Wake me up when one of these producers says something interesting.
Agree - instead of spouting sentimental rubbish about "me old mum" and "me old gran" just get your writers and researchers to do a proper job - you are paid enough mate!!
Agreed - sick to the back teeth of killers on the street, one after the other in a regular procession.

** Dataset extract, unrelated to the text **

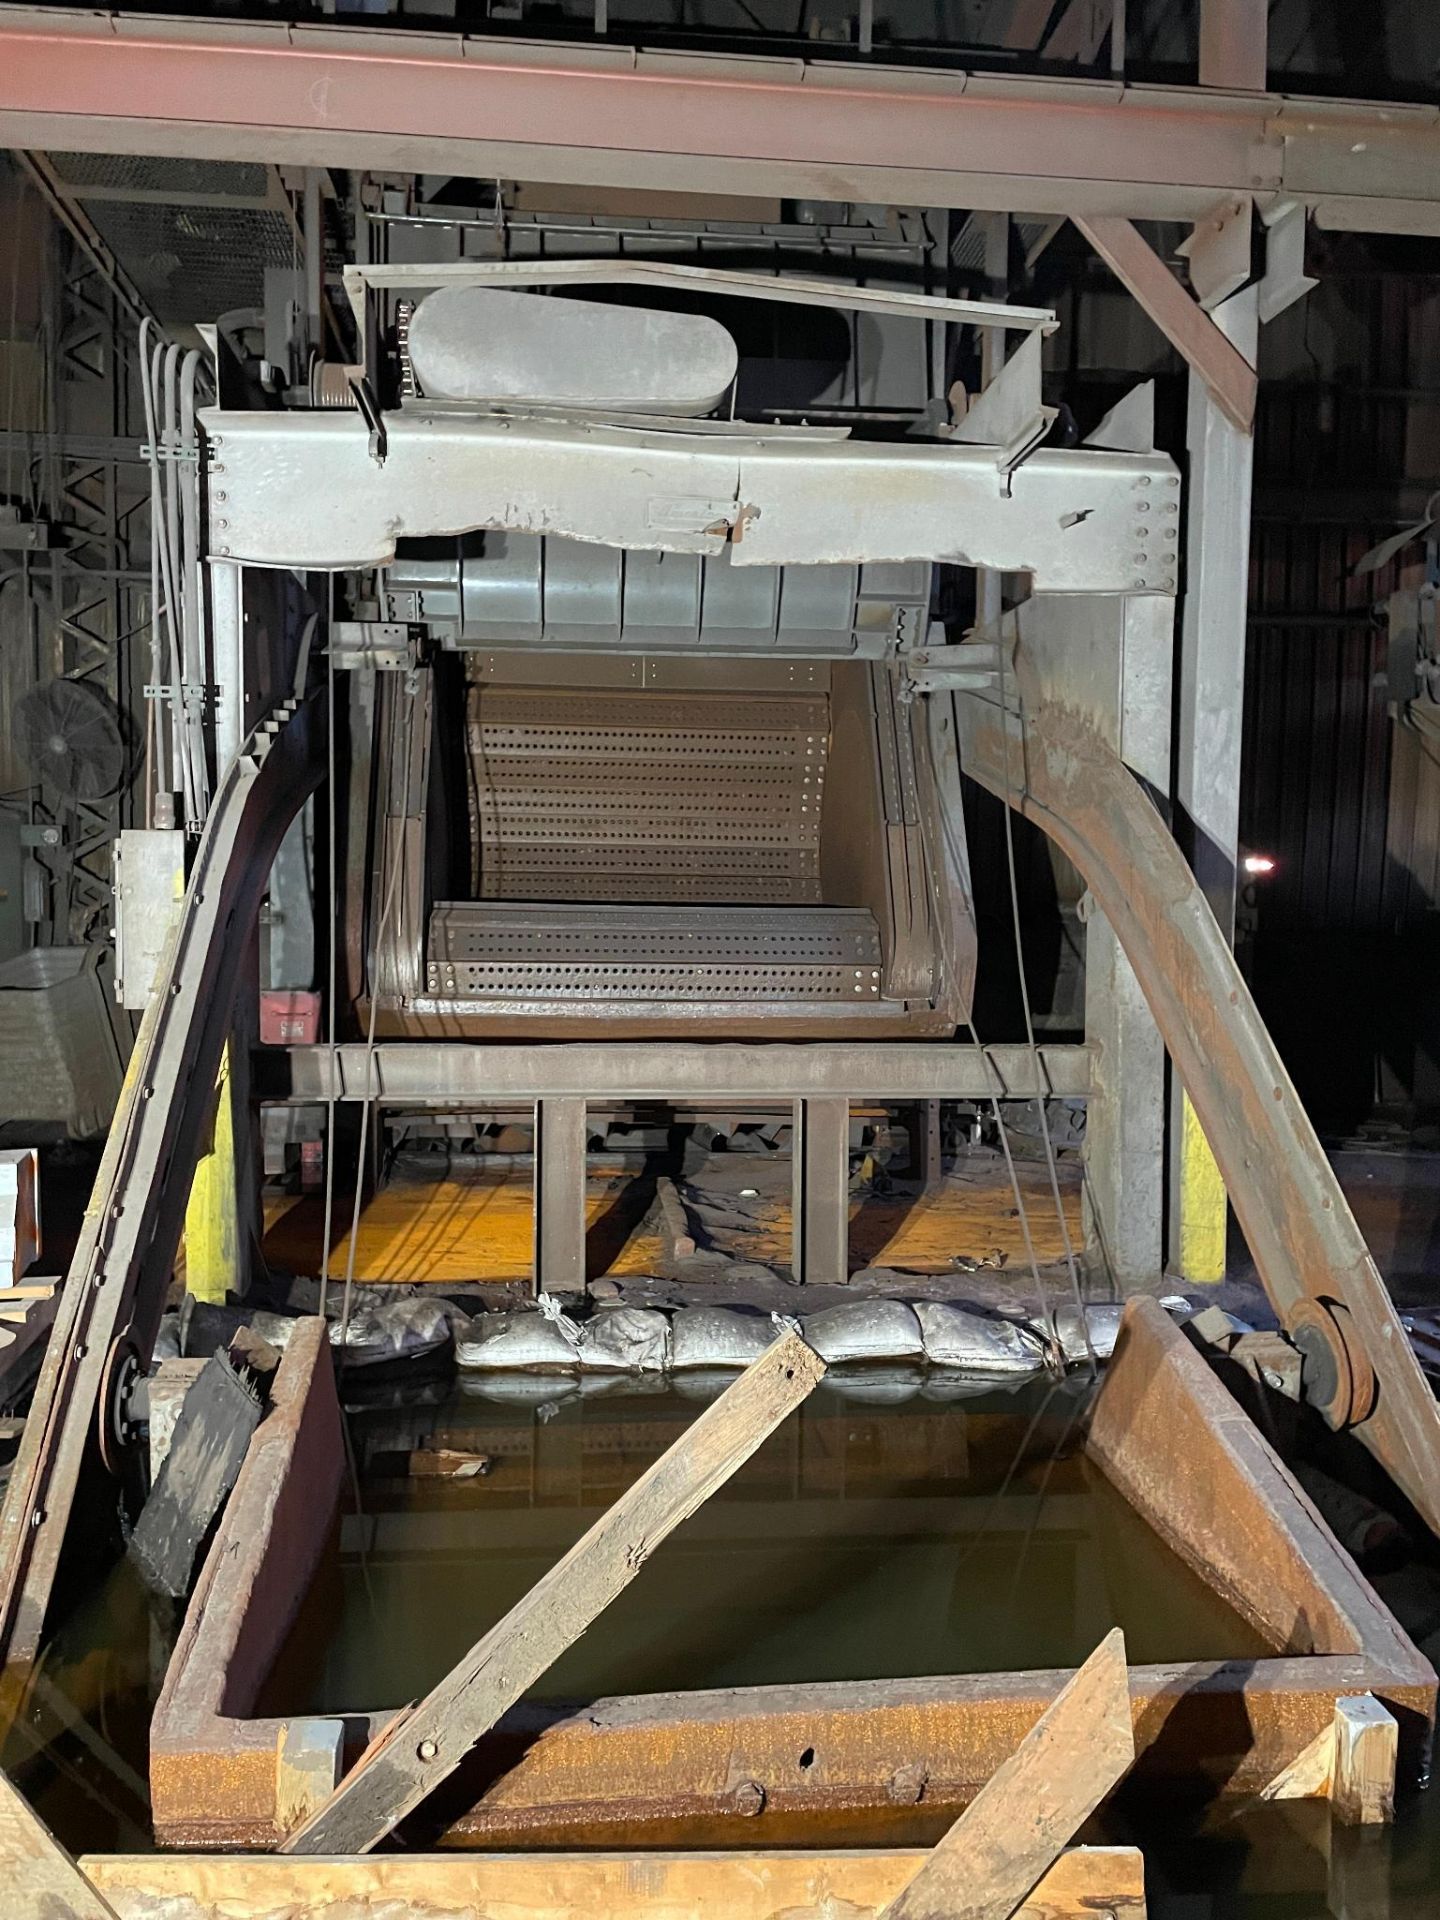 WHEELABRATOR SUPER 70 “TUMBLAST” SHOTBLASTING MACHINE, 63” x 96” opening size, skip loader unit, - Bild 2 aus 3

That interview wasn't for long term fans, it was for 313 million people who say 'What Street? You mean Eastenders?' because they've never had access to Corrie. I think he did a fair job explaining the types of stories they try to tell. It's how I got hooked all those years ago - a short term story that caught my eye, sandwiched between longer dramatic roles that settled in over time. With an accent and vocabulary nearly incomprehensible to my then tender Yankee ears (think Fred Elliot), it was the little stories like last night's Tender Bubbles that draw you in, make you stay a while and let the universal stories seep in slowly.
Corrie isn't like anything on American tv. It isn't sexy or sunny, the police can't solve a sudoku, and the laws, language (yup!), and customs are very different. If you're just surfing through, you'd probably skip right past it like I did for years when I had access to Canadian tv. But the kind of people who read Slate are the same kind who subscribe to Hulu. I think he did enough to pique their interest.
abbyk, I'm a Yank, too. :) It's a shame we have nothing like Corrie in the US. I watch it mainly on You Tube because the episodes are current and ad free.
Thank you. I didn't know it was on Hulu. I'm a US watcher on a Canadian channel carried on cable. I got hooked when I was recording Corrie for a Canadian friend in Texas.
He claimed in this interview that he was keeping long term fans happy. The comments on this blog suggest that he is not.